Womit wir bei „Lux Æterna“ wären, dem kürzesten und schnellsten (allerdings nicht härtesten) Song auf „72 Seasons“, dessen Titel sich auf die vier Jahreszeiten der (vermeintlich) formativen ersten 18 Lebensjahre bezieht. Grob zusammengefasst könnte man sagen, dass alle drei Jahre ein Song von dieser Qualität und Intensität dem Legendenstatus Metallicas dienlicher wäre als drei weitere Alben vom Kaliber „72 Seasons“ im inzwischen gewohnten Acht-Jahre-Turnus.

„Lux Æterna“ ist unglaublich wendig und agil, die Erinnerung daran, dass das Quartett immer noch eine fulminante Live-Band ist. „72 Seasons“ klingt muskulös, aber manchmal scheint es, als kämen die zwölf Stücke vor Kraft kaum von der Stelle.
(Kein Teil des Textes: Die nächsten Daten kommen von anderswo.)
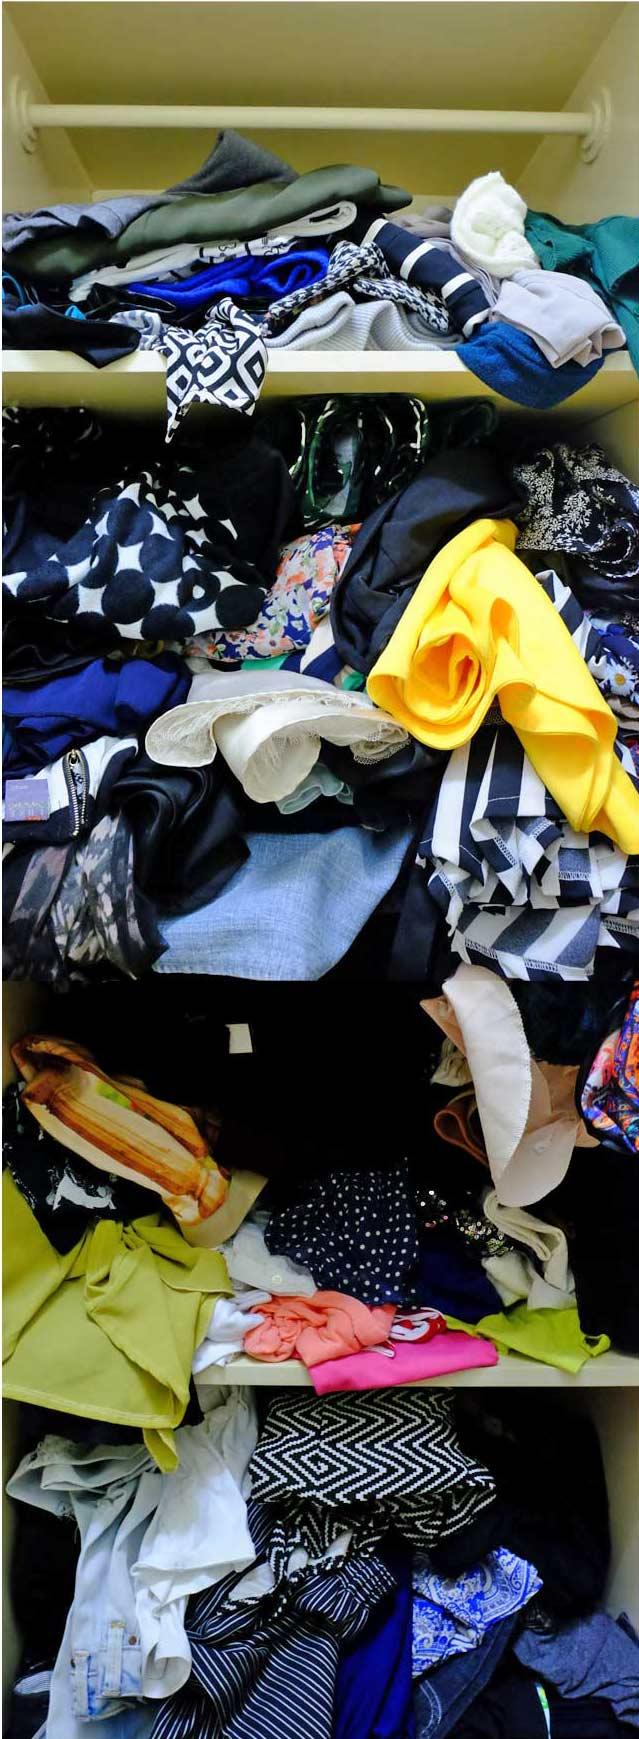 Aaaaannndd this is my closet.
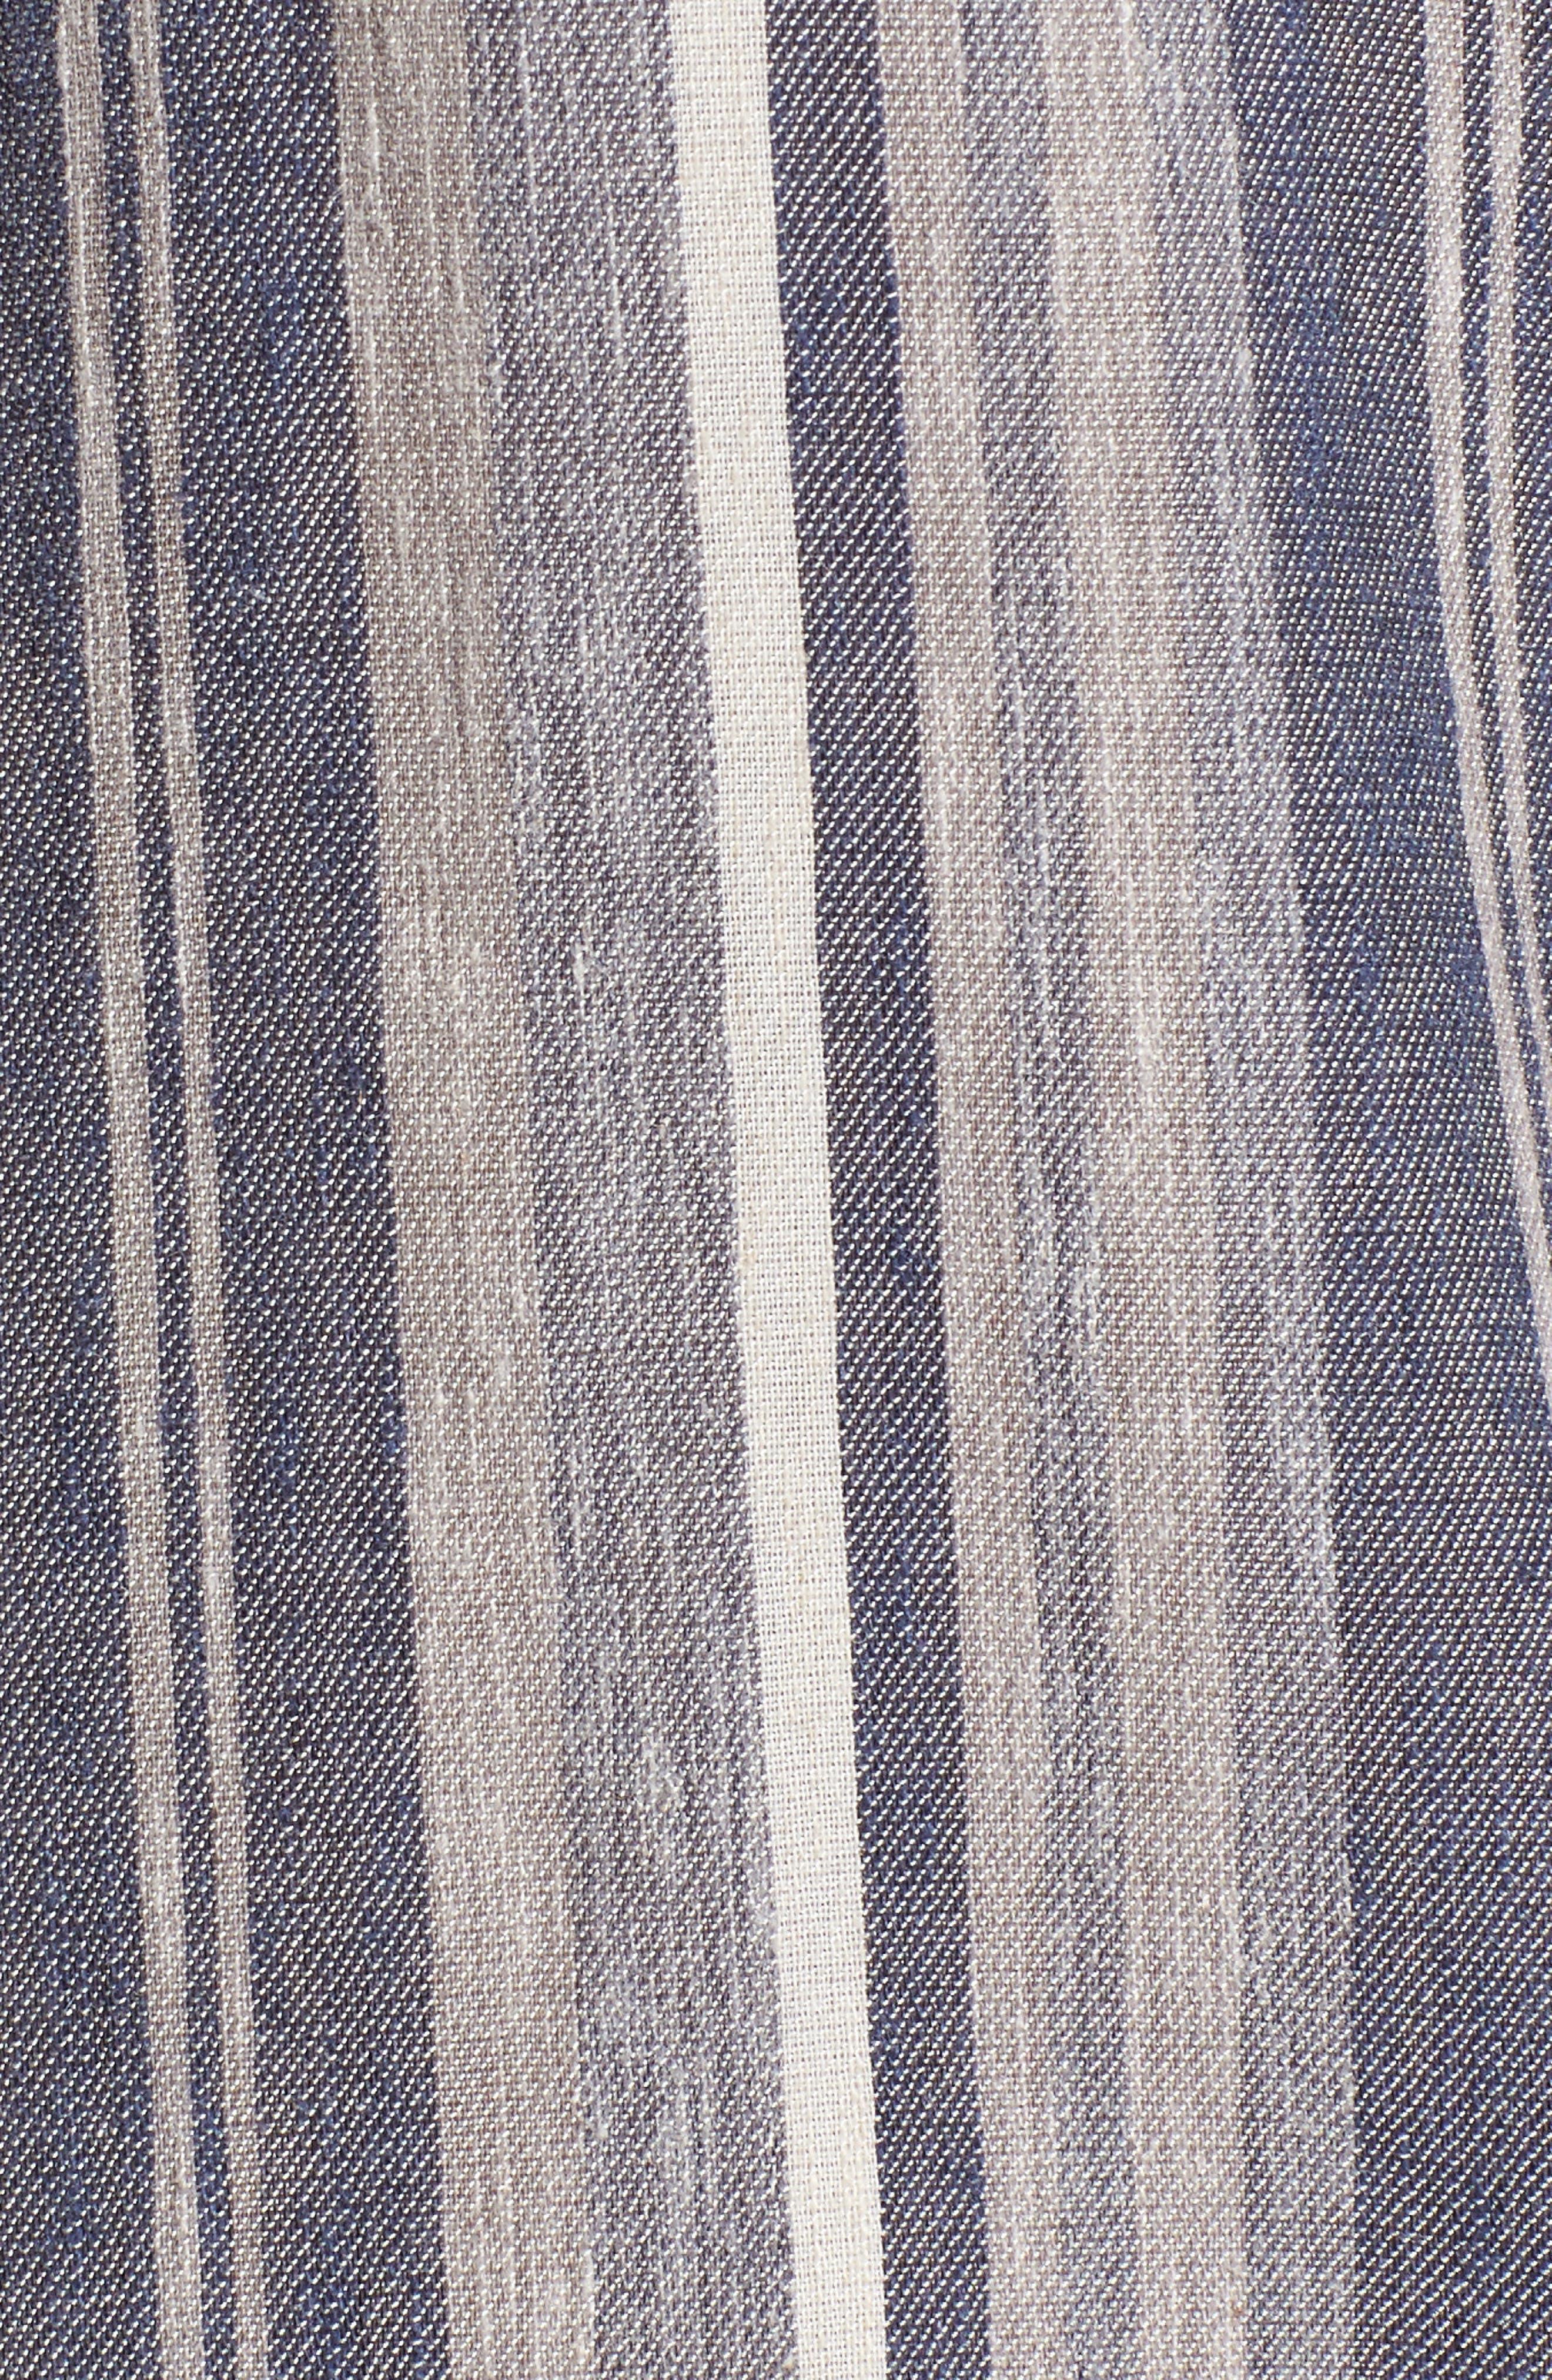 Stripe Chambray Shirt,                             Alternate thumbnail 5, color,                             466

Wenn gar nichts mehr geht, brüllt Metallica-Frontmann James Hetfield den Song einfach nieder.
Wenn gar nichts mehr geht, brüllt Metallica-Frontmann James Hetfield den Song einfach nieder.

© dpa/Ricardo Rubio

Es ist ja ein Irrtum vieler Metal-Bands im nahenden Rentenalter, Power und Laustärke mit Elan zu verwechseln. Vielleicht liegt es aber auch nur an der zunehmend eingeschränkten Mobilität. Die meisten Songs auf „72 Seasons“ folgen den Gesetzen der Schwerkraft: Sie werden von ihrem eigenen Gewicht wieder auf den Boden eines generischen Alternative-Metal heruntergezogen, den Metallica mit ihrem selbstbetitelten „Black Album“ in den Neunzigern begründeten – und noch in derselben Dekade wieder zu Grabe trugen. Dieses schleppende Midtempo treibt vor allem Hammett die Spielfreude aus; und dem grandiosen Funkmetal-Bassisten Robert Trujillo seinen Groove. „72 Seasons“ grollt, wagt sich aber nur selten aus seiner Höhle hervor.

Es ist heute leichter, sich über Metallica lustig zu machen, als sie noch ernst zu nehmen; was auf keinen Fall gleichbedeutend ist mit mangelnder Ehrfurcht. Zum Glück können Hetfield, Ulrich & Co selbst am besten einschätzen, wie viel Mist sie seit ihrer letzten Großtat, ebenjenem schwarzen Album von 1991, verzapft haben.

Aufnahmen mit den San-Francisco-Sinfonikern, Rechtsstreit mit der Sharing-Plattform Napster, ein Konzeptalbum mit Lou Reed frei nach Frank Wedekind und, was gerne vergessen wird, ein 3D-Drama-Konzertfilm, in dem Metallica sich selber spielen.

Einige Sorgen von Fans der ersten Stunde erweisen sich zum Glück als unbegründet. Balladen zum Beispiel haben es nicht auf „72 Songs“ geschafft. Und Kirk Hammett spielt seine Gitarre wieder so wunderschön filigran ziseliert, skalpellscharf und anstrengungslos ohne jedes Strebertum wie zu Metallicas besten Zeiten.

Man höre nur sein Solo in „If Darkness Had A Son“, ein kleines Kunstwerk, gehämmert aus den Lehren des Blues und aus Schwermetall, das einen eigenen Platz in der Rock’n’Roll Hall of Fame verdient hätte. Für solche lichten Momente begibt sich die graue Eminenz Metallica alle acht Jahre ins Studio. Beim nächsten Album gehen die rüstigen Duracell-Häschen stramm auf die 70 zu.